No one wants to speak about death as though it doesn't matter. Of course it matters, even more so to the loved ones left behind than to the deceased. But I think America is badly in need of a reality check on this unpleasant subject.

What if I told you that 43,200 innocent Americans were violently killed last year as they were minding their own business, going about their lives heading to work, daycare, school, church when -- BAM!


Would you be shocked? Would you barricade yourself in your house? Nope. Each year you are informed that some 40,000-plus Americans got themselves killed driving their cars. And, unless someone you knew was among them, you don't give it a second thought.

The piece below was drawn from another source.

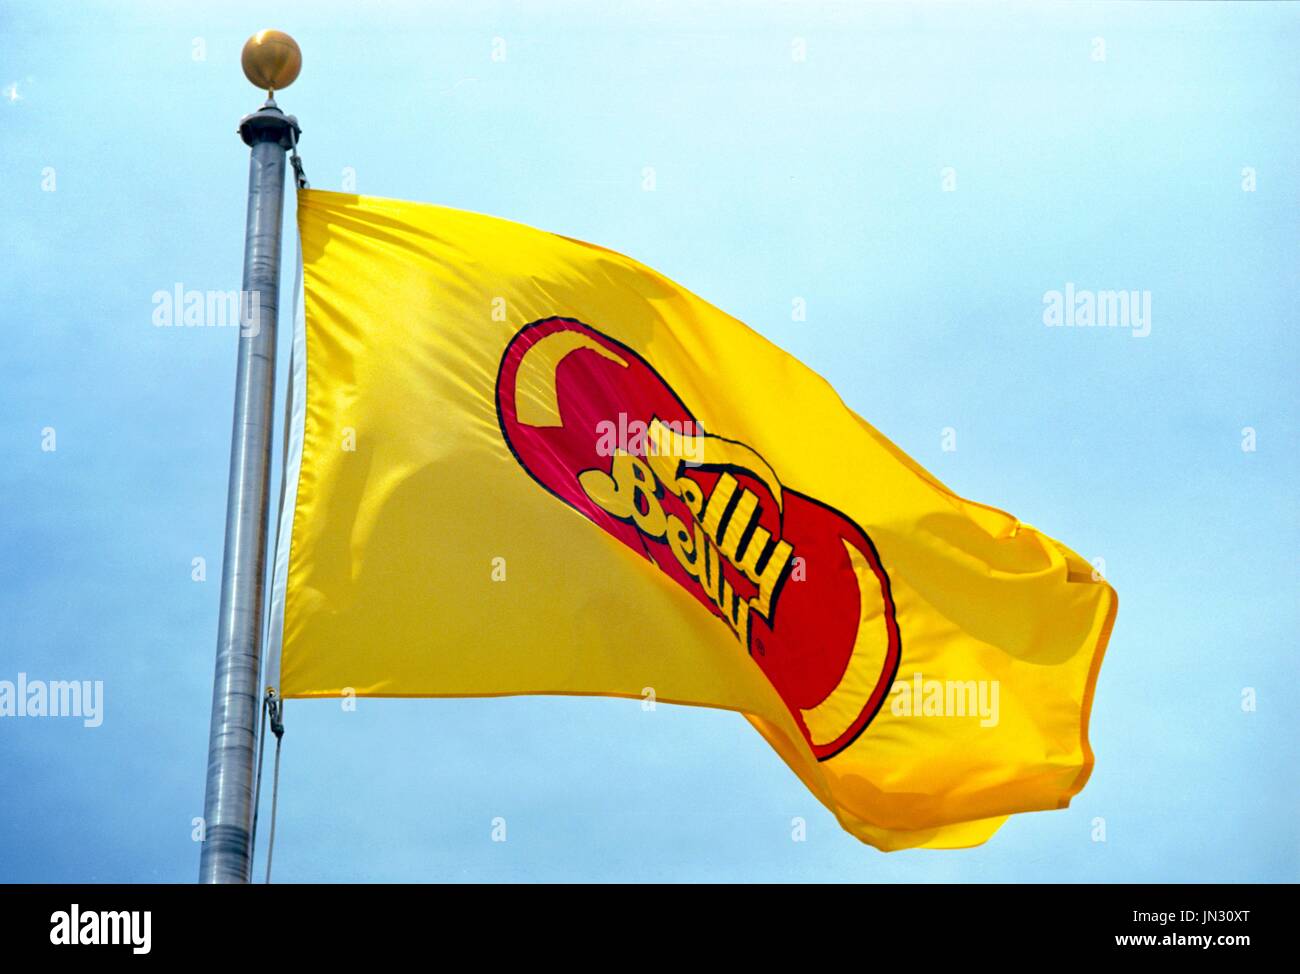 A yellow flag with the Jelly Belly Candy Company logo flies at the Jelly Belly Candy Company factory in Fairfield, California, June 7, 2017. Stock Photo

But, we don't seem able to exercise the same cool when it comes to the threat of terrorism. On Sept. 11, 2001, a terrorist attack killed nearly 3,000 Americans, a tragedy of enormous proportions to be sure.

But, among the list of causes for people's deaths that year, that attack represented a fraction of a percent of the total. The highest death toll from a single 2001 event came in January's giant earthquake in Gujarat, India, which claimed 15,000 lives. Nevertheless, 9/11 has thrown America's collective psyche into irrational fear and turmoil.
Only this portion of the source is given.